See Initiation Checklist.
Initiation of Antidumping Investigation
Based upon our examination of the petition, we have found that the
petition meets the requirements of section 732 of the Act. Therefore,
we are initiating an antidumping duty investigation to determine
whether imports of NBR from Korea are being, or are likely to be, sold
in the United States at less than fair value. Unless this deadline is
extended, we will make our preliminary determination by November 3,
1999.
Distribution of Copies of the Petition
In accordance with section 732(b)(3)(A) of the Act, a copy of the
public version of the petition has been provided to representatives of
the Government of Korea.

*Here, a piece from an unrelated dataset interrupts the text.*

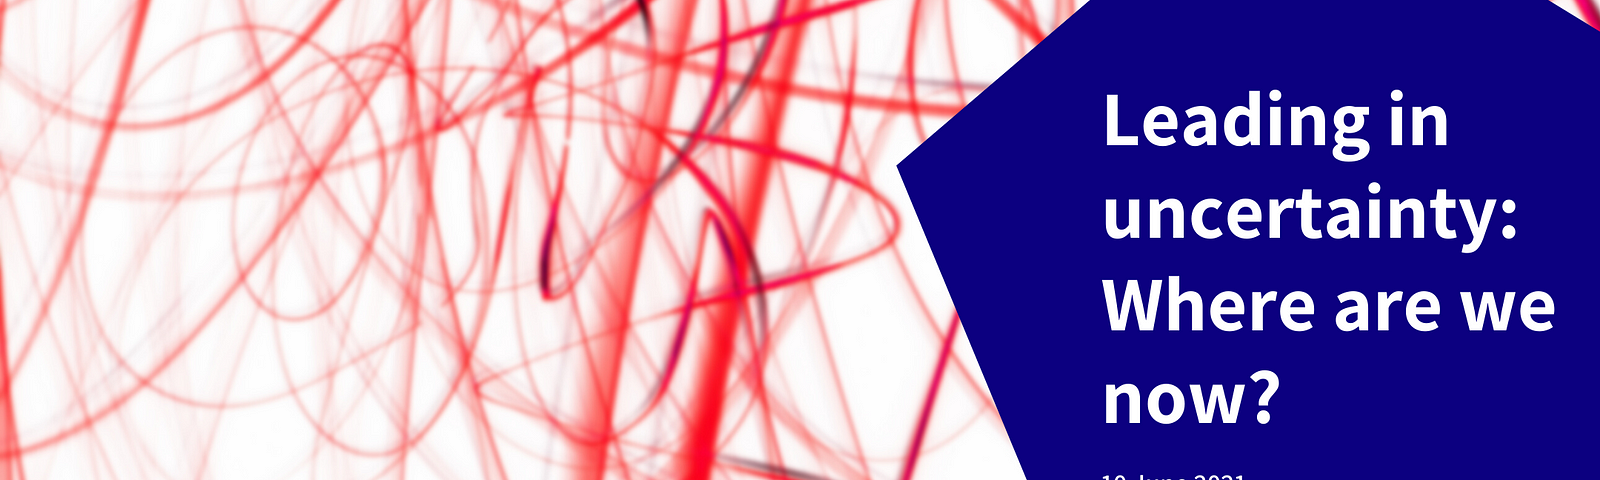 A blue hexagon with the event title, event date, network hashtag and Twitter account in white text over a background of tangled red lines

We will attempt to provide a copy of the
public version of the petition to the Korean exporters named in the
petition.
International Trade Commission Notification
We have notified the ITC of our initiation of this investigation,
as required by section 732(d) of the Act.
Preliminary Determination by the ITC
The ITC will determine by July 12, 1999, whether there is a
reasonable indication that an industry in the United States is
materially injured, or is threatened with material injury, by reason of
imports of NBR from Korea. A negative ITC determination will result in
the investigation being terminated; otherwise, this investigation will
proceed according to statutory and regulatory time limits.
This notice is published in accordance with section 777(i) of the
Act.
Dated: June 16, 1999.
Robert S. LaRussa,
Assistant Secretary for Import Administration.